In 2004, after the Democrat Convention, the press and the Dems were in love with just the idea of having a black-left-wing president. They got the cipher they wanted.
Now, why can't the press and the 39% of those who still support him? m/r
Too ‘Smart’ to Do the Job? | The American Spectator
In his 2007 biography of Barack Obama, Obama: From Promise to Power, Chicago Tribunereporter David Mendell described the exchange he had with then-Illinois state Sen. Barack Obama just minutes before he delivered the keynote address at the 2004 Democratic National Convention in Boston:
After Obama and I slipped through a security checkpoint and he momentarily broke free from the entourage, I sidled up to him and told him that he seemed to be impressing many people of influence in this rarefied atmosphere. Obama, his gaze fixed directly ahead, never broke his stride. “I'm LeBron, baby,” he replied, referring to LeBron James, the phenomenally talented teenager who at the time was shooting the lights out in the National Basketball Association. “I can play on this level. I got some game.”
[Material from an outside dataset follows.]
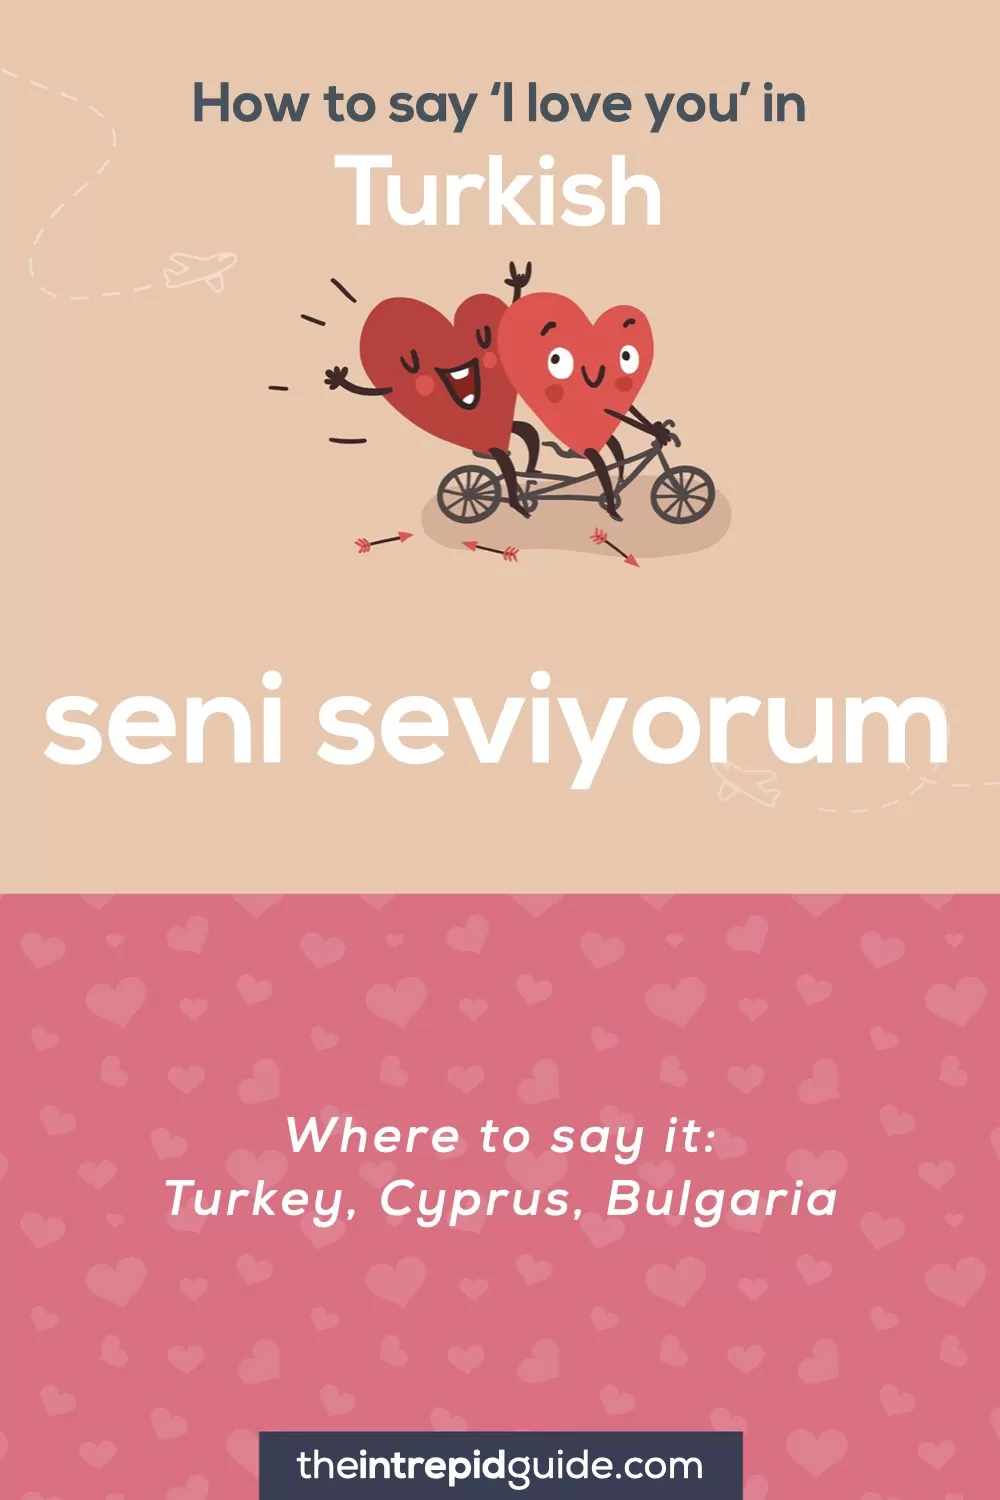 How to say I love you in different languages - Turkish - seni seviyorum

Obama was right. He had some game, delivering a breakthrough speech that, in an analysis by David Bernstein, senior editor at Chicago magazine, “captured the nation's attention and opened the way for a run at the presidency.”
Prior to that speech, “the idea of Obama running for president would have been laughable; he was a lowly state senator from Chicago's Hyde Park,” wrote Bernstein. “After the speech, observers from across the political world hailed the address as an instant classic, and Obama was drawing comparisons (deservedly or not) to Martin Luther King Jr. and John F. Kennedy.”